Америка-Ночки - Игорь Куберский
Шрифт:
Интервал:
Закладка:
В субботу утром, выйдя во двор, я не узнаю его – он прибран, подметен, листва собрана в кучки, а все свободное пространство между деревьями перегорожено натянутой проволокой. На проволоке – проволочные же плечики, на плечиках – пестрый second hand. Глянув острым взглядом постсовковского люмпена, я прихожу к выводу, что на наших развалах тряпье покруче. Правда, – на раскладушках, а не на вешалках, но круче. А тут – просто последнего разбора. Кто же такое купит?

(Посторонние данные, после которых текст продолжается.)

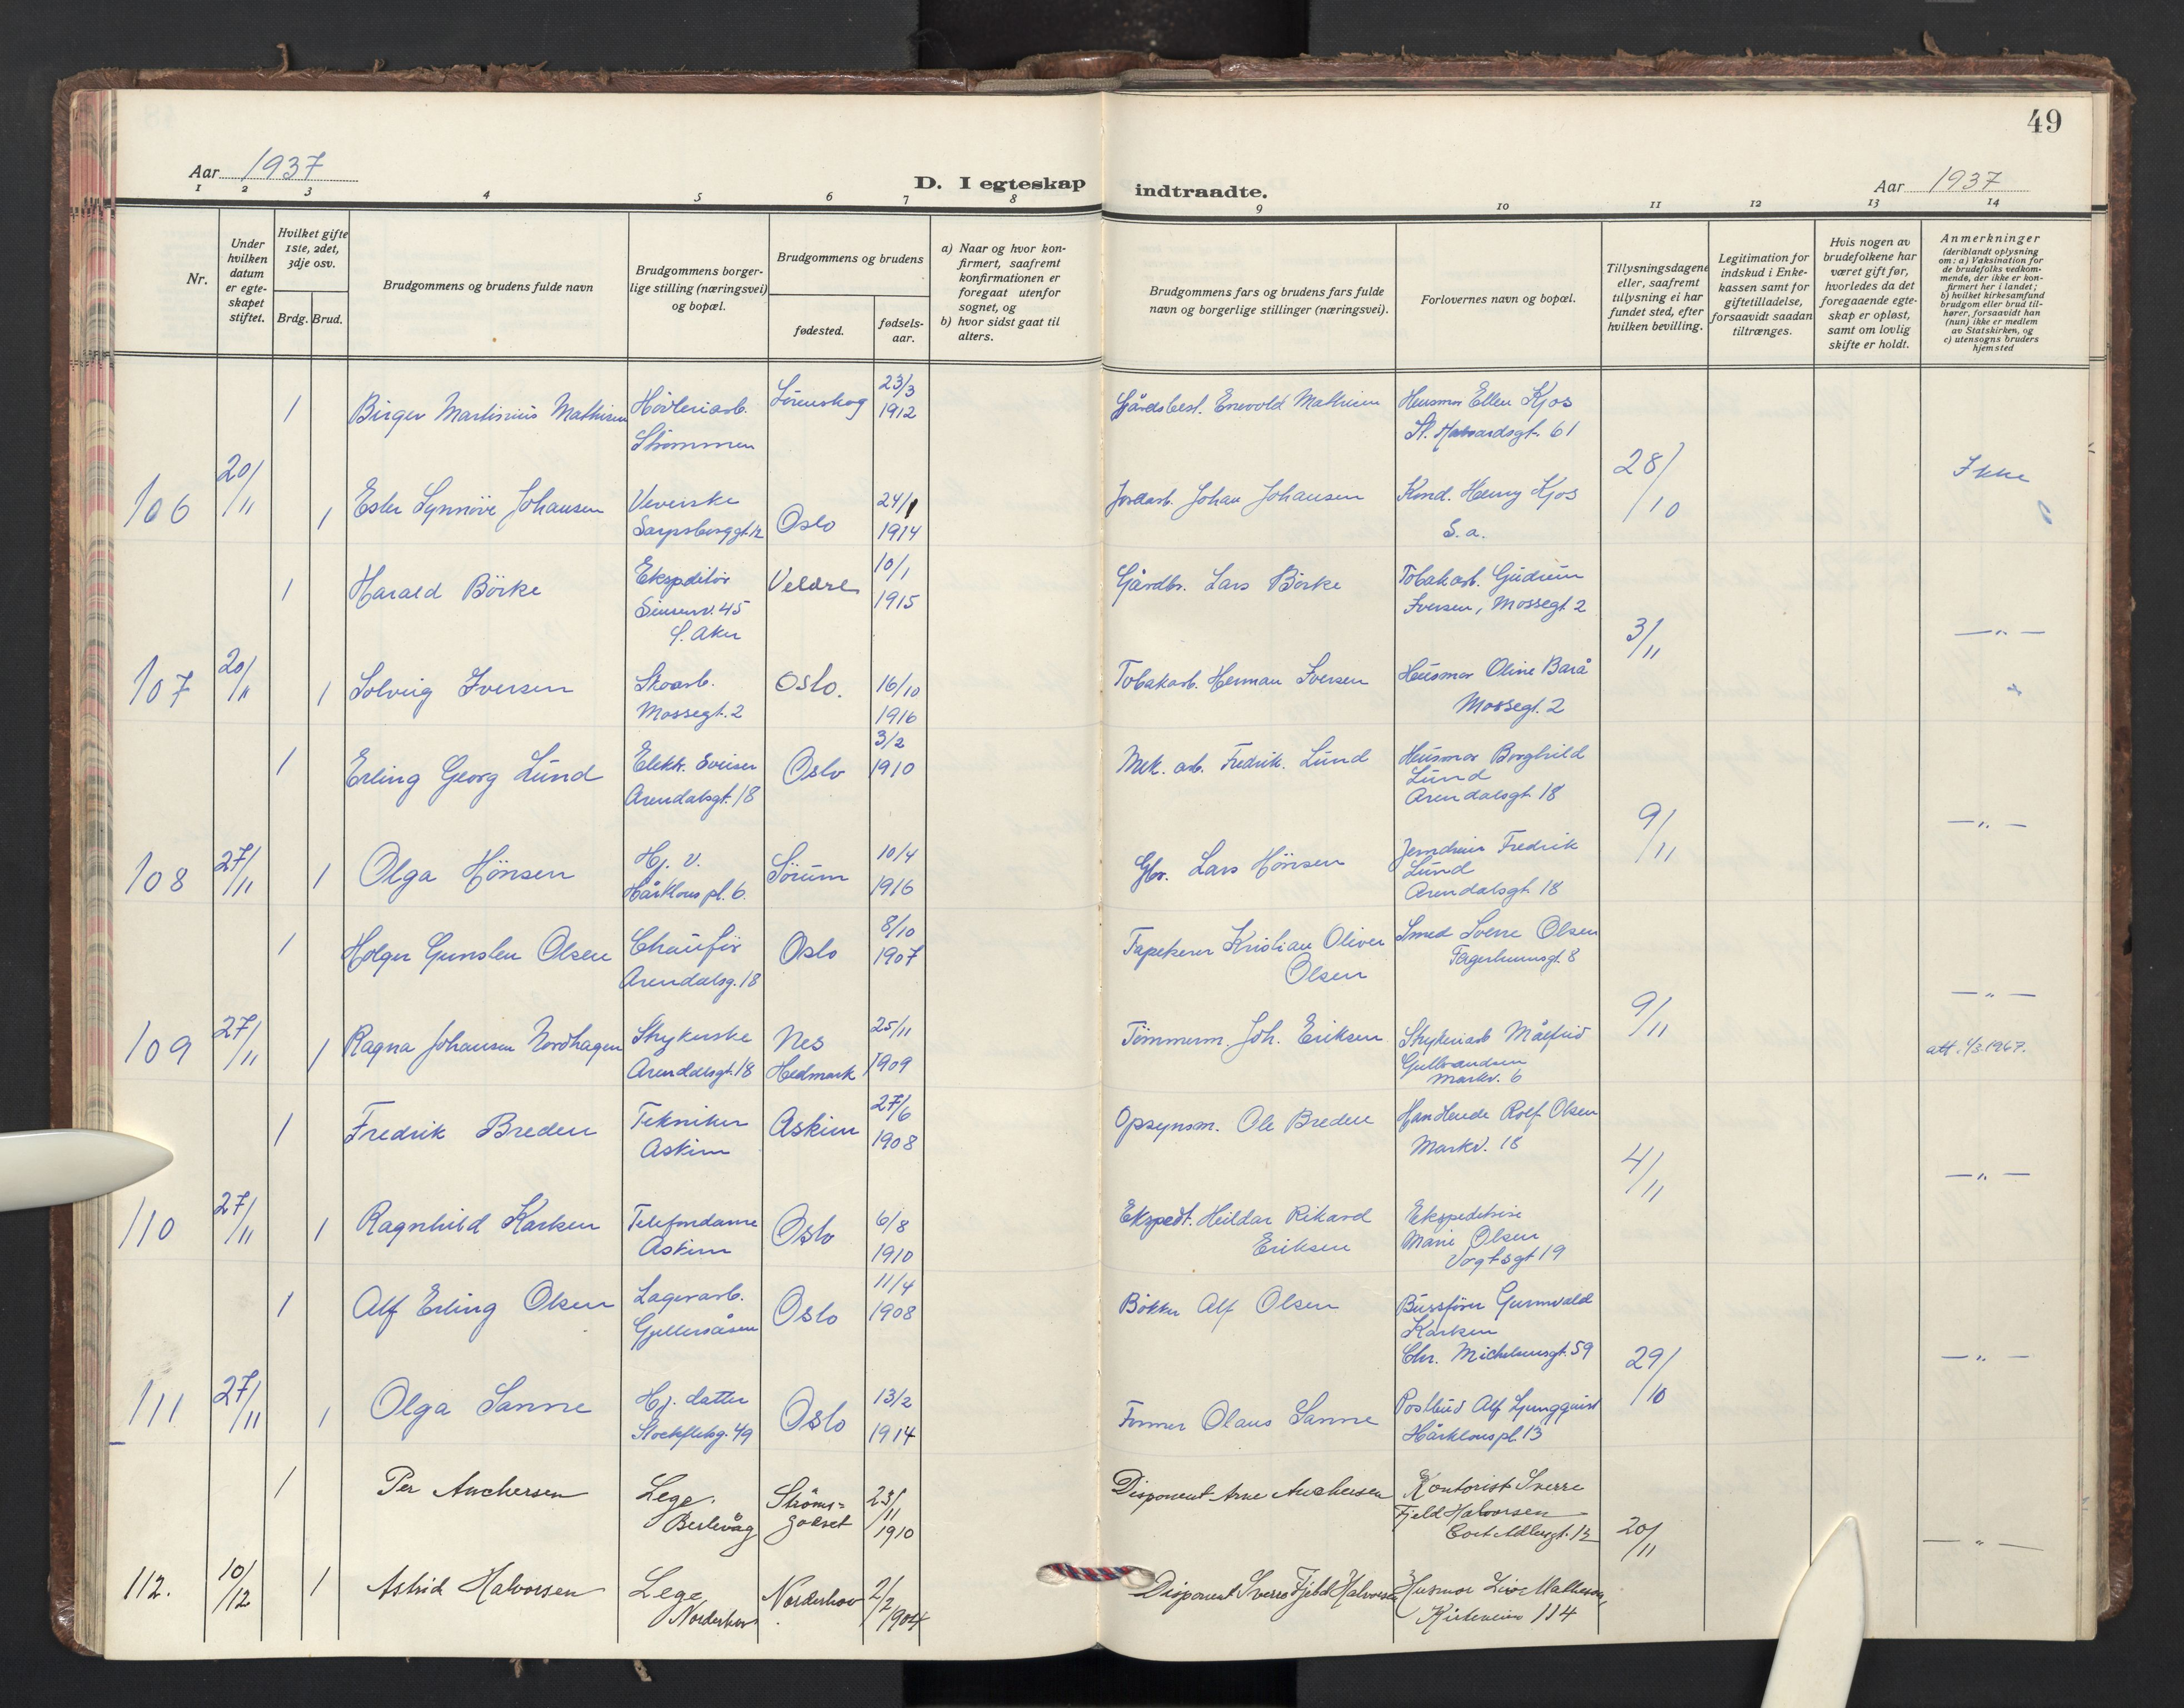 SAO, Sagene prestekontor Kirkebøker, F/L0018: Parish register (official) no. 18, 1935-1940, p. 49

В продавцах я узнаю двух мрачных баб и невзрачного мужичонку из соседнего дома, выходящего тылом в наш двор. Они мне мучительно знакомы – будто с родной российской барахолки. Почему мы и не здороваемся. Или же они перенесли на меня свою неприязнь к Патриции. Или просто принимают за такое же дерьмо, как они сами. Разве порядочный человек стал бы здесь жить? Целую неделю они свозили во двор это барахло, стирали, сушили, подшивали, латали и гладили. И вот оно – налетай, подешевело! Самое поразительное, что к полудню во двор стал заглядывать народ, привлеченный фанерной самопальной рекламой. Кто-то что-то покупал! Люди приходили тихие, незаметные, говорили вполголоса, смотрели не в глаза, а себе под ноги. Это слуги, – вдруг осенило меня. Слуги, ютящиеся в задних каморках богатых особняков и получившие короткую увольнительную на уикэнд. У них нет машин, чтобы добраться до города. И они покупают здесь...

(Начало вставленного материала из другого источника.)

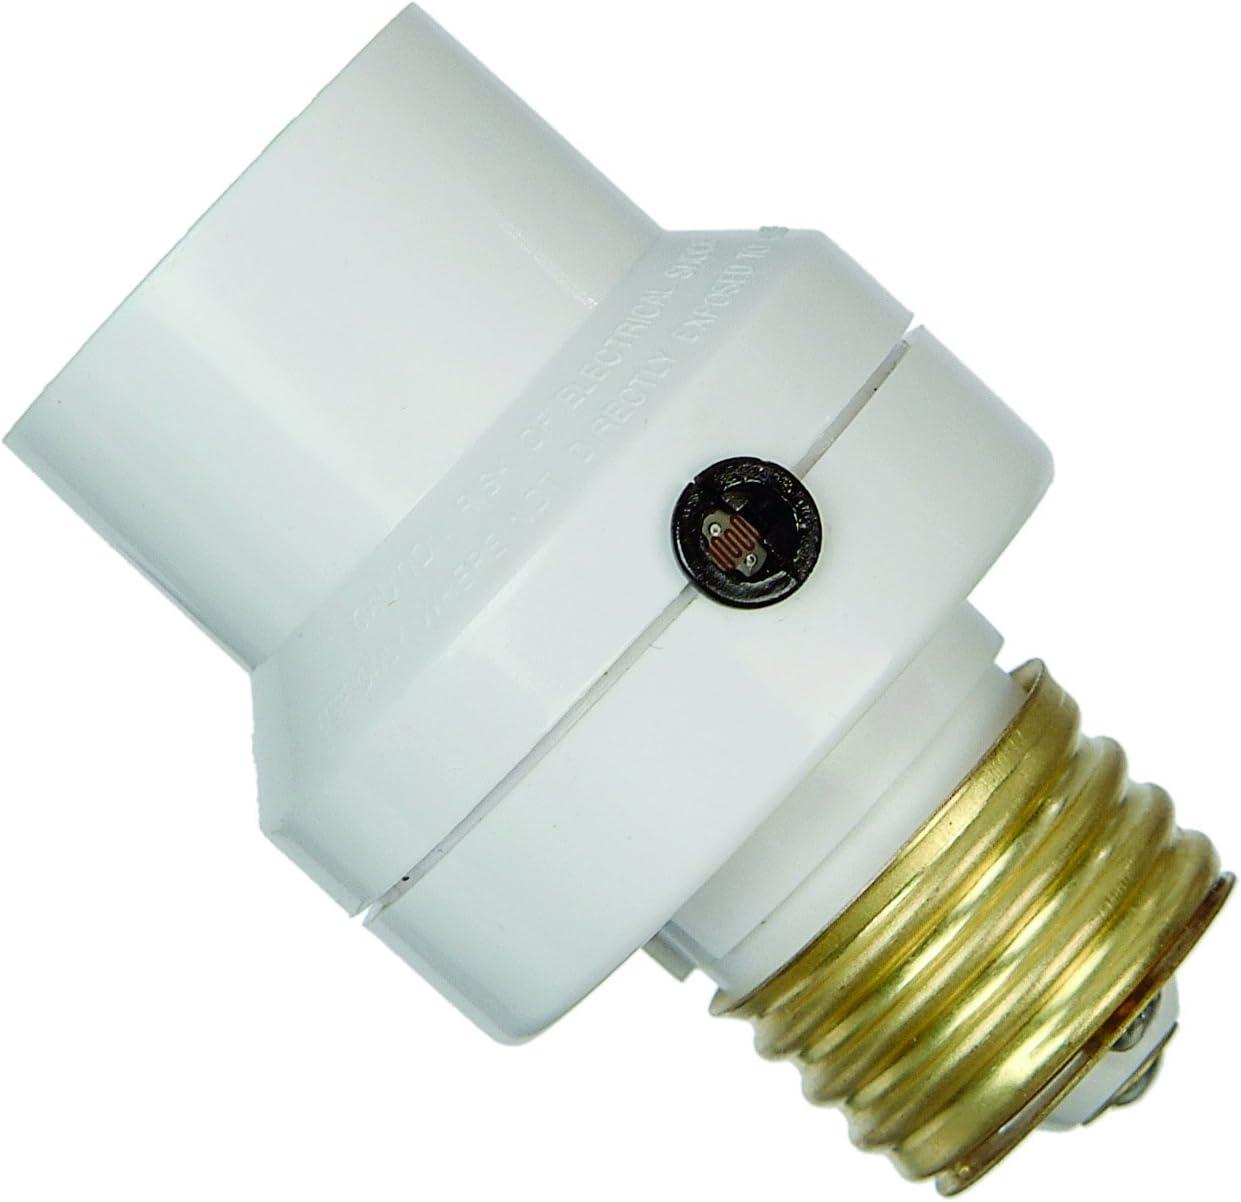 Programmable Outdoor Lights Automatic On Off Control Motion Sensor Retrofit Kit

* * *День проходит, как во сне, и снова вечер. На кухне горит свет, у открытого темного окна под теплым абажуром греется самый умный из наших котов – черный Мацушима. Рядом Патриция, которая, заслышав мои шаги, делает вид, что читает. Книга у нее в руках вверх ногами. Я желаю ей доброй ночи, и она мне желает того же. Однако в ее круглых глубоко посаженных глазах с тонкими верхними веками дрожит плохо скрытое недоумение, которое причиняет ей нравственные страдания. То, что плохо скрывают, легко прочесть. «Если мы с тобой не занимаемся любовью, Петьа, – читаю я, – то какого рожна ты у меня живешь, да к тому же каждый день жрешь мой хлеб с ветчиной, политой майонезом?» На этот вопрос у меня пока нет ответа. А может, его вообще нет.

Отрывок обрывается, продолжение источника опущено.